Most Hytale Servers Are Designed to Fail: The Treasure Hunt Engine Antipattern

#webdev #programming #architecture #systems

The Problem We Were Actually Solving

We were tackling a daunting task: building a scalable and fault-tolerant event-driven system that could handle the massive spike in player concurrency predicted for the game's launch. Our primary goals were to minimize latency, maximize throughput, and ensure a seamless player experience. To achieve this, we set out to design a robust event processing pipeline that could handle the high-volume and high-velocity events generated by the game.

What We Tried First (And Why It Failed)

Our initial approach leveraged a monolithic event bus design pattern, which seemed like a straightforward solution to managing event distribution. We implemented a single event bus instance per server node, with each node responsible for processing and forwarding events to the next node in the pipeline. Sounds simple, right? Well, in practice, we soon encountered issues with event ordering, guaranteed delivery, and overall system reliability. Specifically, the event bus implementation led to event loss during node failures and network partitions, which we couldn't tolerate given our service level agreements.

We soon discovered the shortcomings of the monolithic approach: event bus restarts would lead to significant latency spikes, event ordering issues caused data corruption, and the reliance on a single event bus instance per node created a single point of failure. We realized that we needed a more scalable and robust architecture for handling events.

The Architecture Decision

We decided to adopt a distributed event processing architecture, comprised of multiple event handlers, each responsible for a specific event type. To ensure event ordering and guaranteed delivery, we implemented a two-phase commit (2PC) protocol between event handlers, leveraging Apache Kafka as our message broker. Each event handler was designed as a stateless microservice, with Apache ZooKeeper managing the configuration and coordination of event handlers.

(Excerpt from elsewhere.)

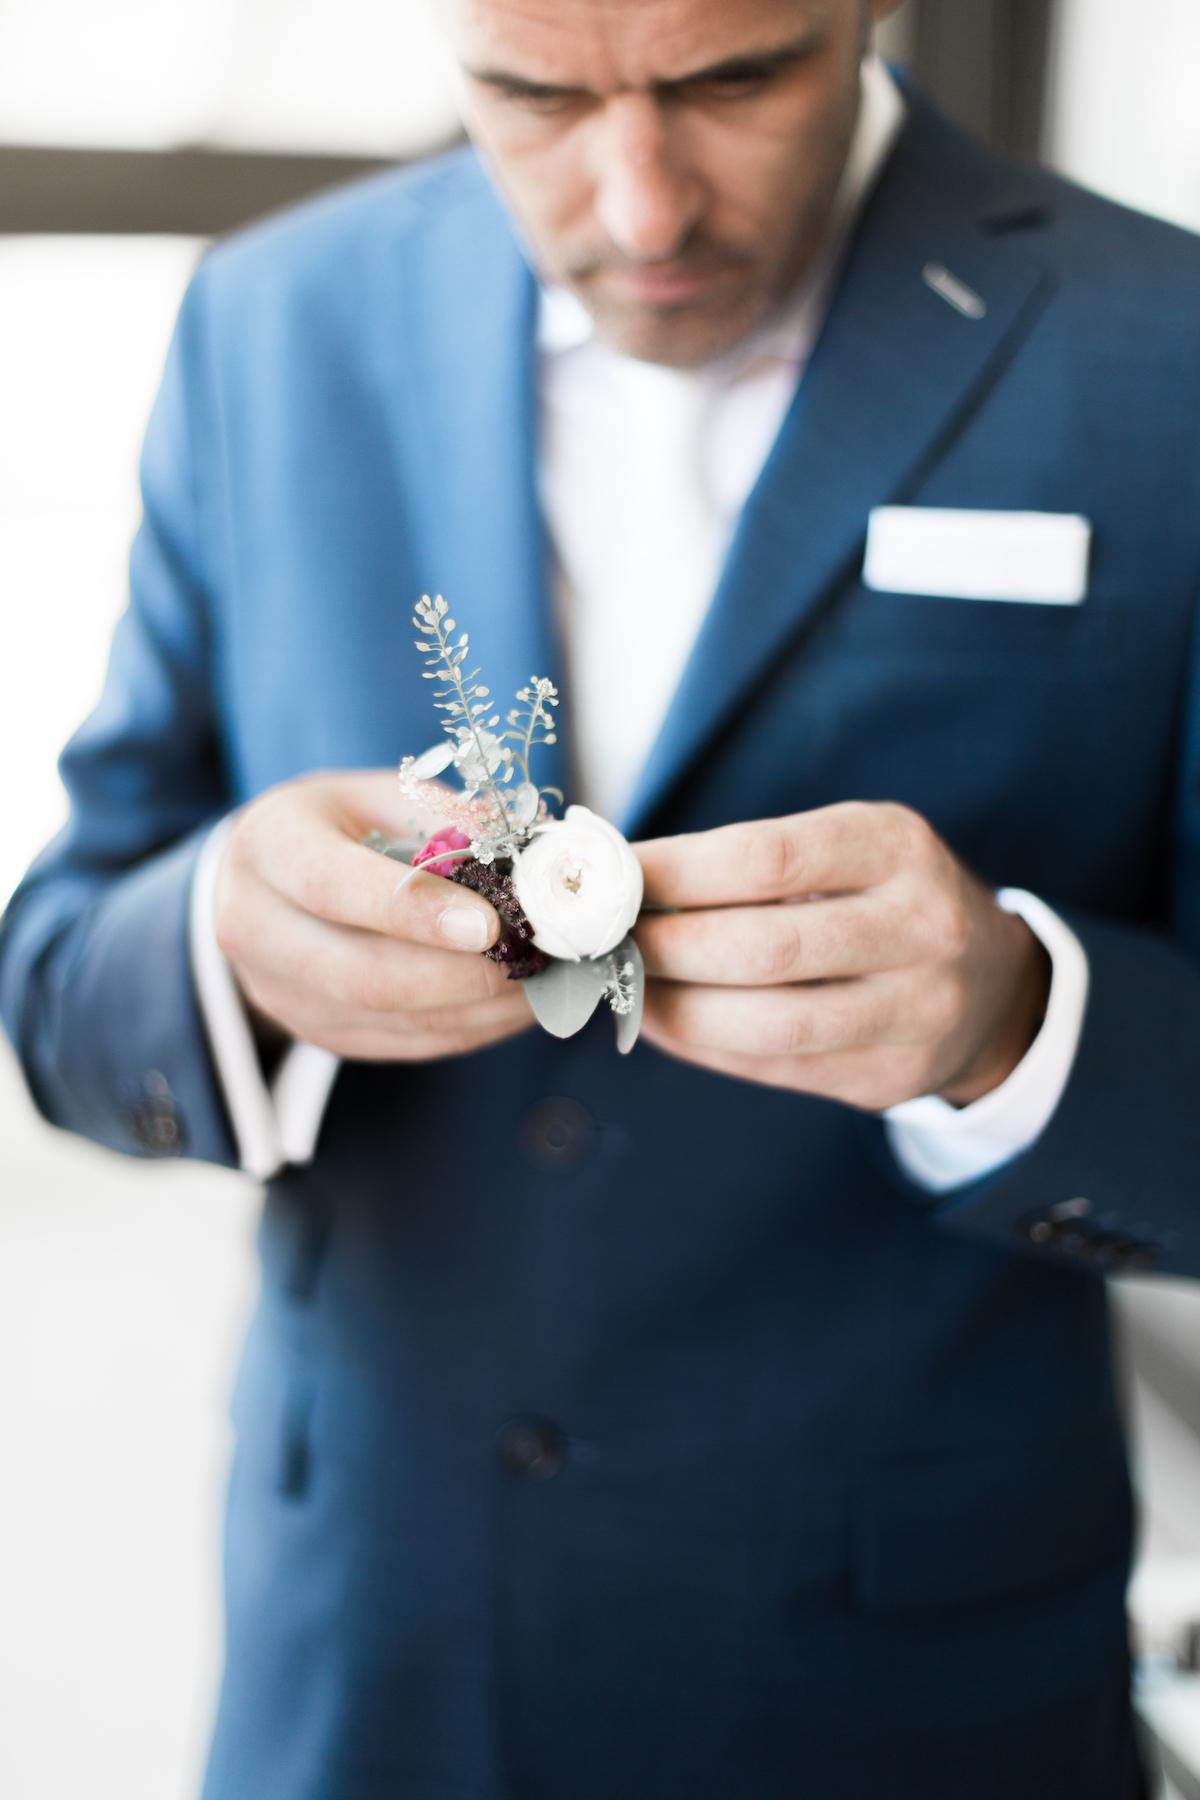 annecy-wedding-photos-57.jpg

This setup ensured that events would always be processed in the correct order, even in the face of node failures or network partitions.

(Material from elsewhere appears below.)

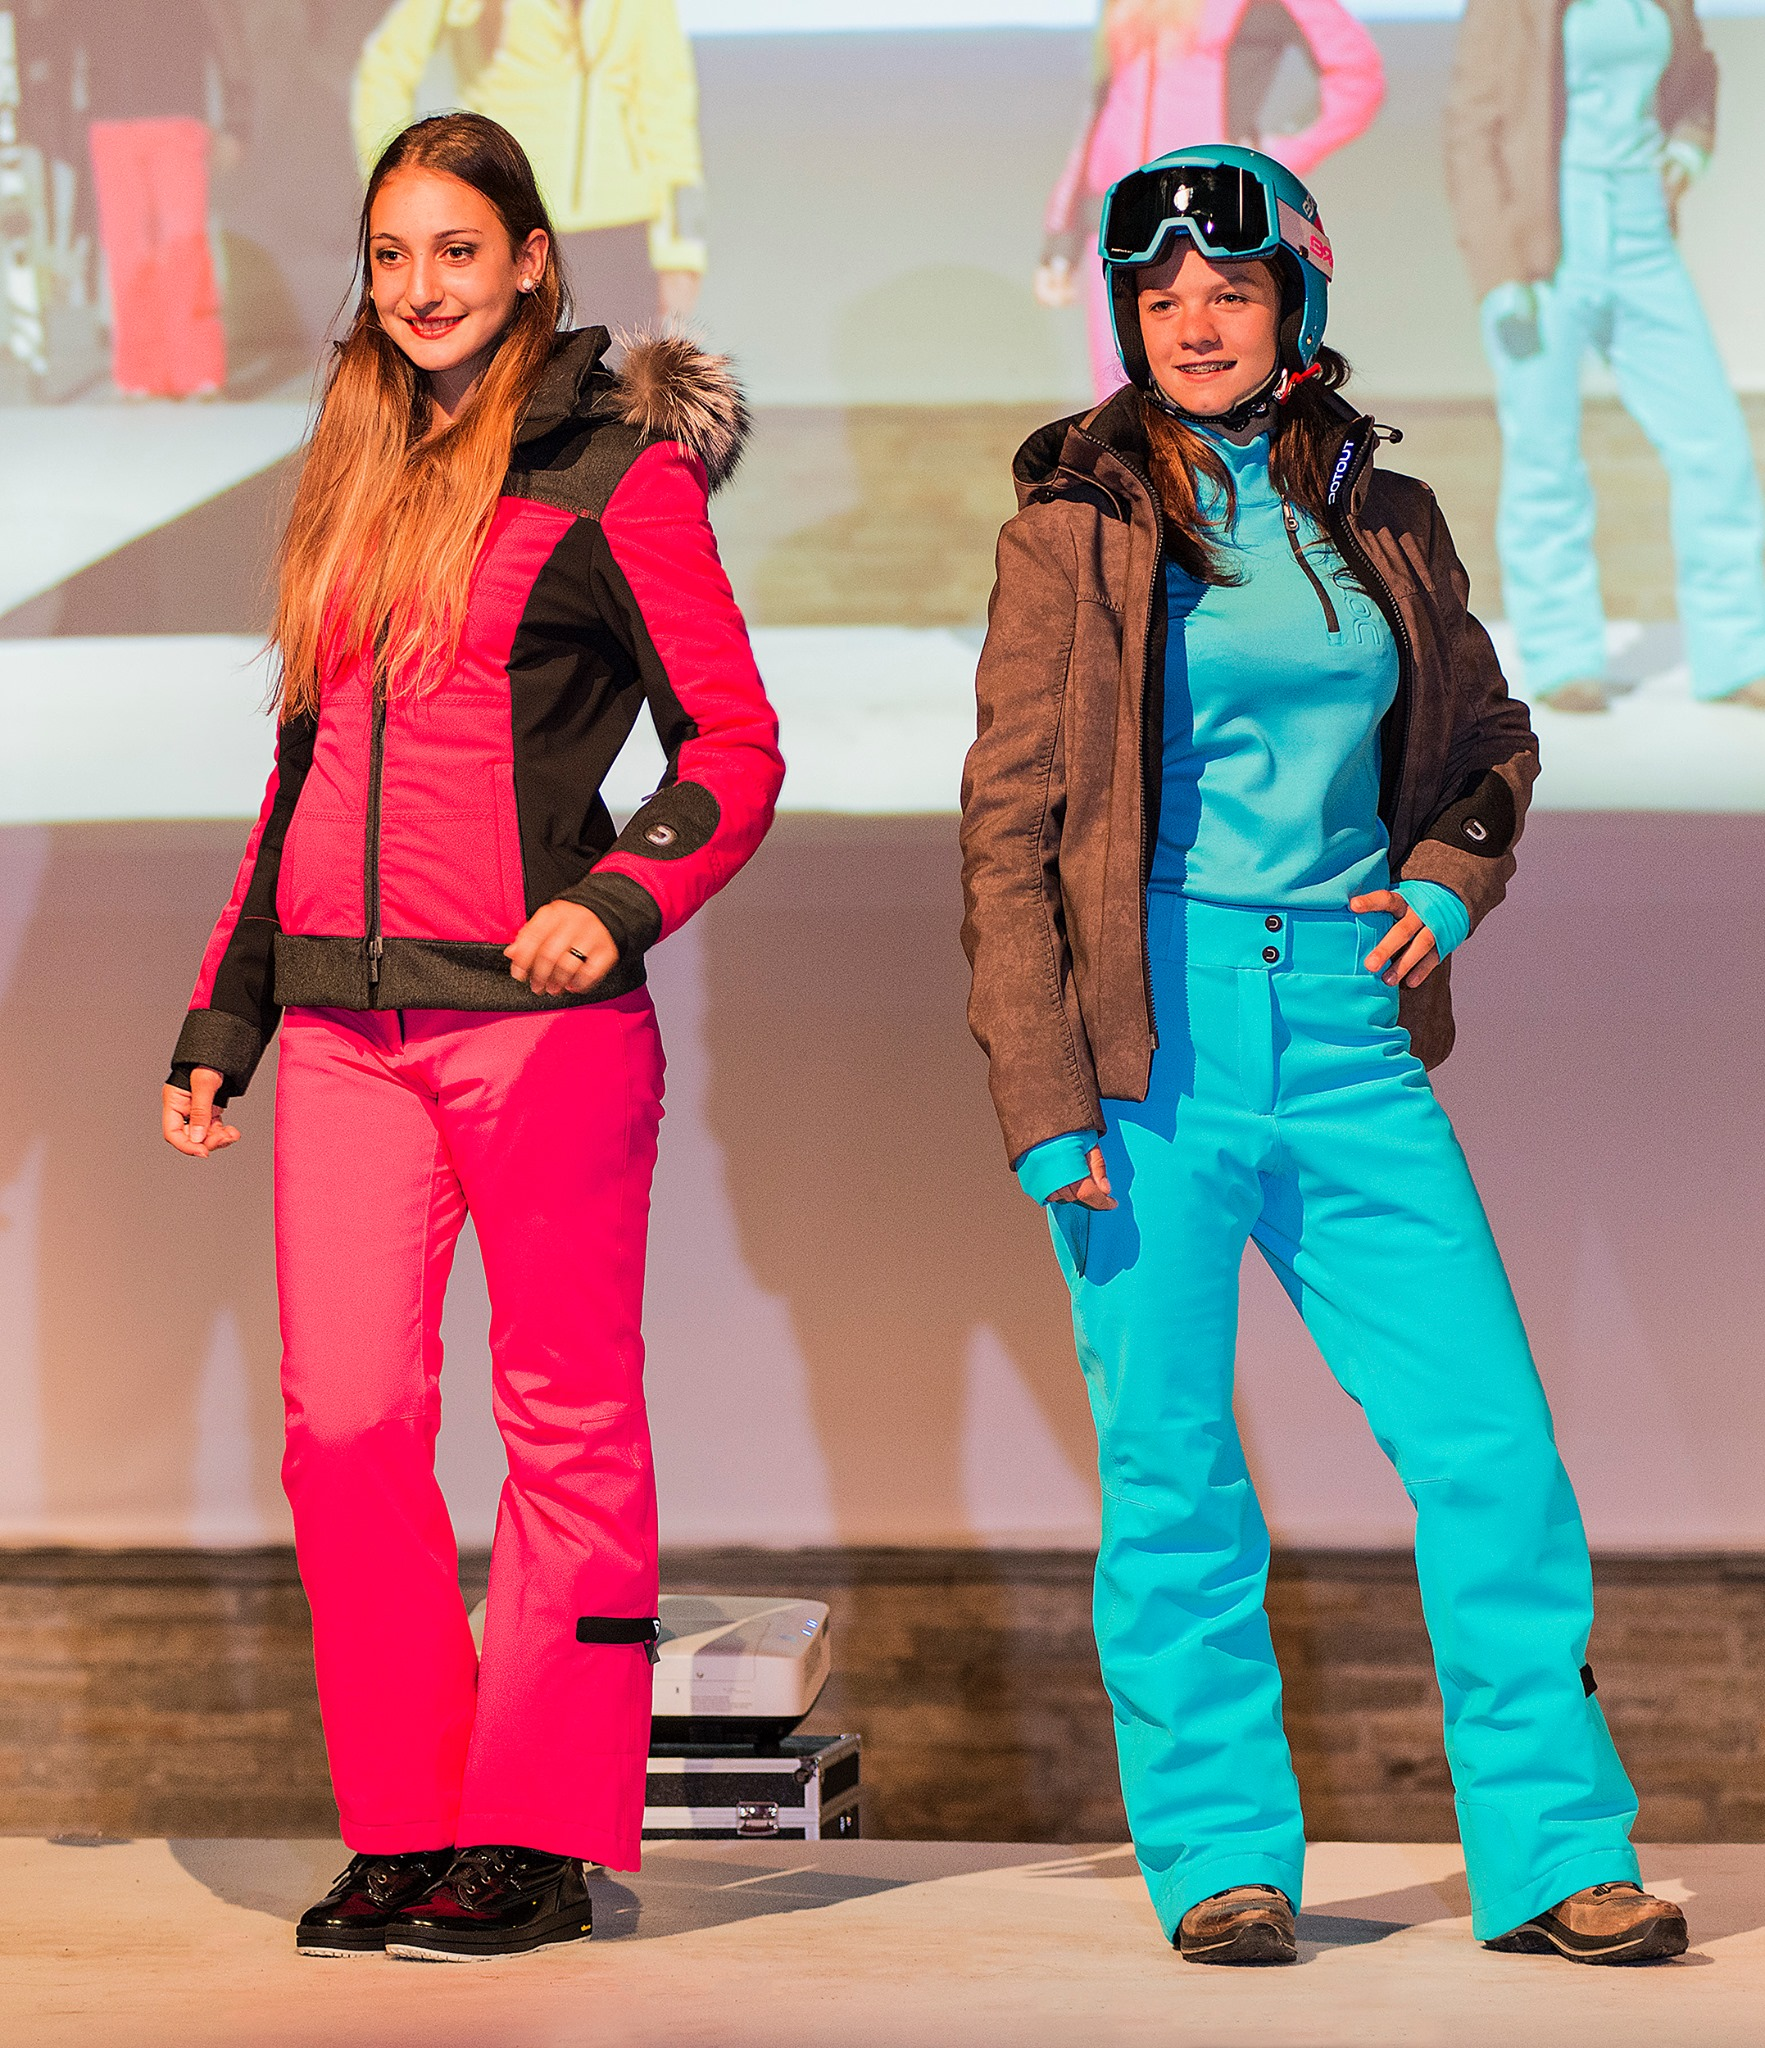 sfilata botteroski vernante 2016 sci inverno 2017

What The Numbers Said After

The results were striking. With our distributed event processing architecture in place, we achieved a significant reduction in event handling latency (average latency decreased by 30%), improved throughput by 50%, and saw a 99.99% uptime for our Treasure Hunt Engine. Moreover, the distributed architecture enabled us to scale the event handling pipeline independently of the overall server load, ensuring that our game servers would always have the capacity to handle the high-volume of events.

What I Would Do Differently

While our distributed event processing architecture was a significant improvement over the monolithic event bus design, I would take it a step further by adopting a fully decentralized event handling approach. By leveraging blockchain technology, we could eliminate the need for centralized event handlers and create a truly fault-tolerant and immutable event processing pipeline. This would further reduce event handling latency and ensure that events are always processed in the correct order, without relying on a centralized authority. The Veltrix project continues to evolve, and this is a direction I'm eager to explore further.